Wever Marcel, Tornede Alexander, Mohr Felix, Hullermeier Eyke
IEEE Trans Pattern Anal Mach Intell. 2021 Sep;43(9):3037-3054. doi: 10.1109/TPAMI.2021.3051276. Epub 2021 Aug 4.
Automated machine learning (AutoML) supports the algorithmic construction and data-specific customization of machine learning pipelines, including the selection, combination, and parametrization of machine learning algorithms as main constituents.
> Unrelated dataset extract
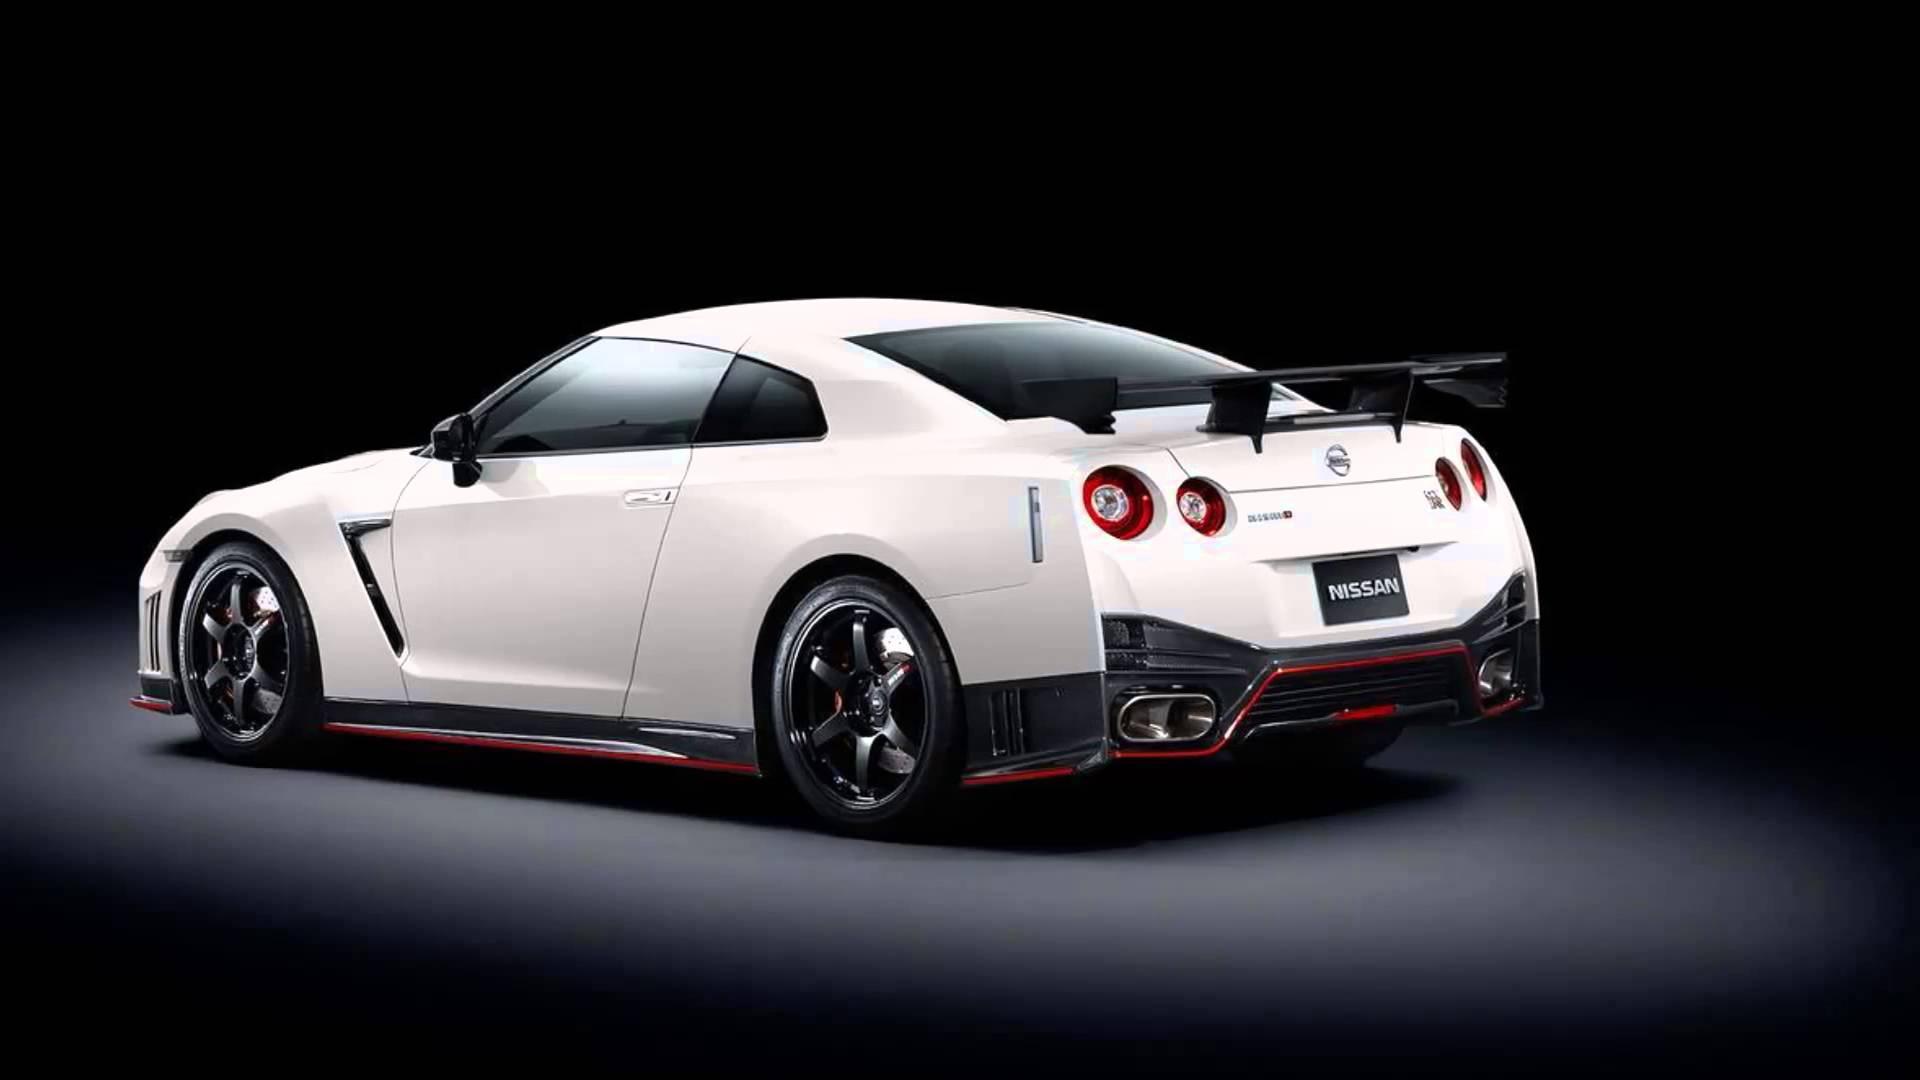 À la découverte de la Nissan GT-R NISMO 2017 pour les passionnés de mécanique auto

Generally speaking, AutoML approaches comprise two major components: a search space model and an optimizer for traversing the space. Recent approaches have shown impressive results in the realm of supervised learning, most notably (single-label) classification (SLC). Moreover, first attempts at extending these approaches towards multi-label classification (MLC) have been made. While the space of candidate pipelines is already huge in SLC, the complexity of the search space is raised to an even higher power in MLC. One may wonder, therefore, whether and to what extent optimizers established for SLC can scale to this increased complexity, and how they compare to each other. This paper makes the following contributions: First, we survey existing approaches to AutoML for MLC. Second, we augment these approaches with optimizers not previously tried for MLC. Third, we propose a benchmarking framework that supports a fair and systematic comparison. Fourth, we conduct an extensive experimental study, evaluating the methods on a suite of MLC problems. We find a grammar-based best-first search to compare favorably to other optimizers.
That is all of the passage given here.